Y.-H. Kim, Y. Choi, and J.-S. Kim reply:
We thank Dr. Scuderi and colleagues for their interest in our article. In response to their question concerning how we determined the appropriate size of the femoral component and how many components were upsized, downsized, or a perfect fit, we clearly described in the article our method for determining the appropriate size. After the cut of the distal end of the femur, the size of the femoral component was determined with a sizer. At the end of the implantation of the selected standard or gender-specific femoral component, the aspect ratios of the distal end of the femur (the transepicondylar width divided by the average anteroposterior dimension of the lateral and medial condyles) and of the standard or gender-specific femoral component (the distance from the medial to the lateral margin at the transepicondylar line divided by the average anteroposterior dimension of the lateral and medial condyles of the component) were compared. We defined the component fit as a close fit (perfect fit) when the aspect ratios of the distal end of the femur and the femoral component were equal. We defined the component fit as overhang (upsized) when the aspect ratio of the distal end of the femur was smaller than that of the femoral component. We defined the fit as underhang (downsized) if the aspect ratio of the distal end of the femur was larger than that of the femoral component. As mentioned in Table IV, fifty-one (60%) of eighty-five standard knee implants and fourteen (16%) of eighty-five gender-specific knee implants were close fit (perfect fit). Ten standard knee implants (12%) and no gender-specific knee implant (0%) had an overhang (upsized). Twenty-four standard knee implants (28%) and seventy-one gender-specific knee implants (84%) had an underhang (downsized).
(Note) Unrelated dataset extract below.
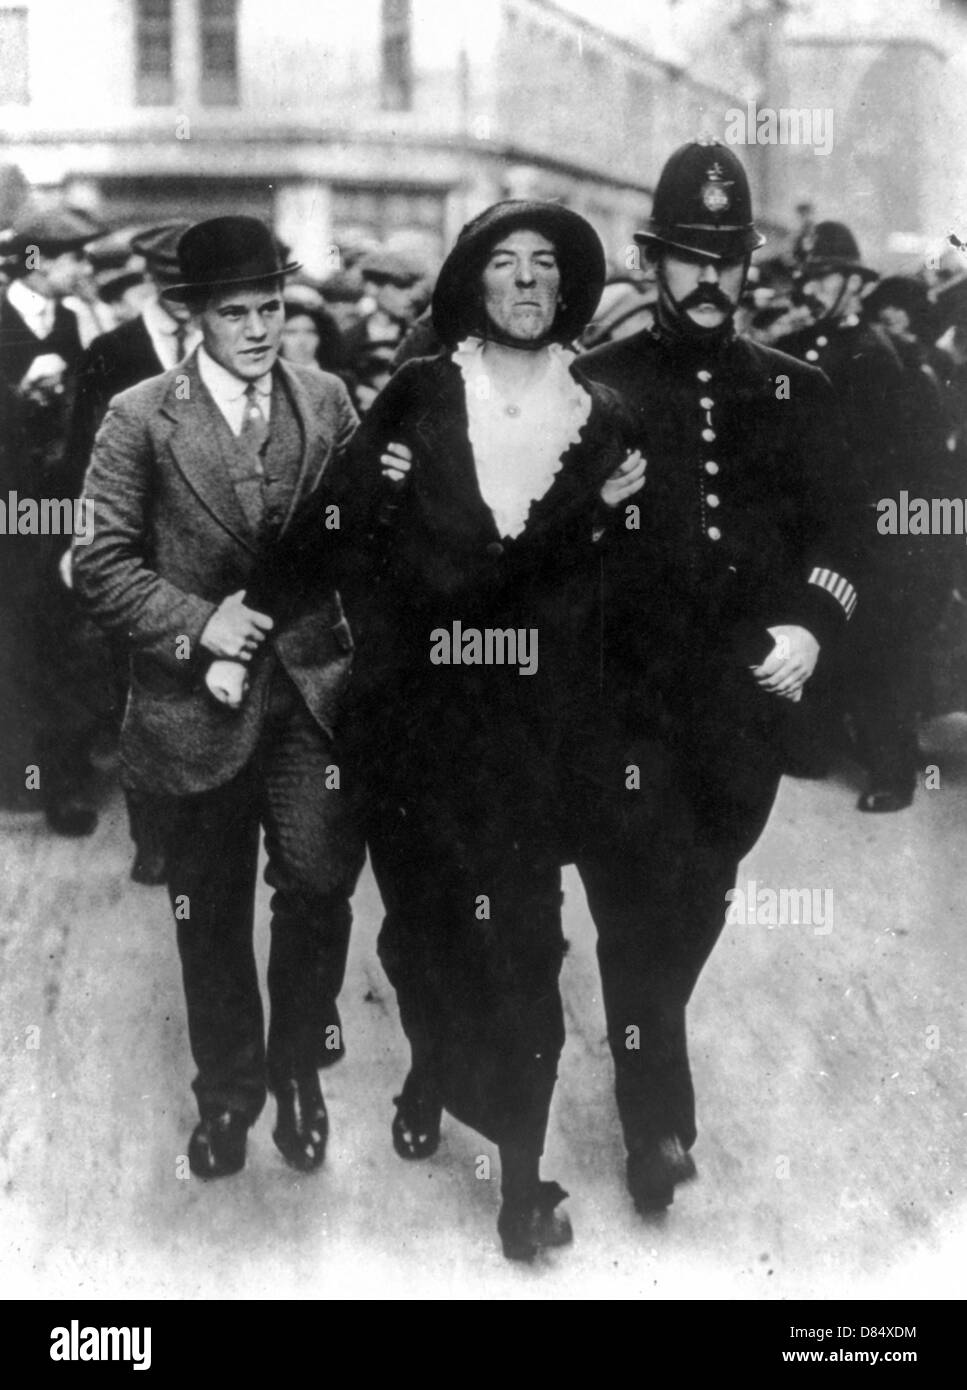 Arrestation par des policiers et des suffragettes de clothesman femme escorte ordinaire, London, UK Banque D'Images

We performed bilateral simultaneous total knee arthroplasty in the same patients. We found that the morphological data of the distal end of the femur in each knee were similar. Therefore, seventy-one knees (84%) cannot be moved into the overhang (upsized) group. These seventy-one knees (84%) consistently belong to the underhang (downsized) group. We had similar results in another study1.
We have performed more than 20,000 total knee arthroplasties using standard knee prostheses designed in North America or Europe, and fortunately we have not encountered any specific problem because of the design or size of the standard total knee prosthesis. Rarely, we have needed a very small component for patients with childhood pyogenic or tuberculous arthritis with severe hypoplasia of the knees. Also, we have not had any problem with the patella because of the thickness or angle of the anterior femoral condyle.
We agree with Dr. Scuderi and colleagues that, since the cohort in our study had good functional scores preoperatively, the knee scoring systems used in the study may not be sensitive enough to discern subtle differences between the two groups postoperatively. Certainly, we need a longer duration of follow-up to clarify the benefit of the gender-specific total knee prosthesis.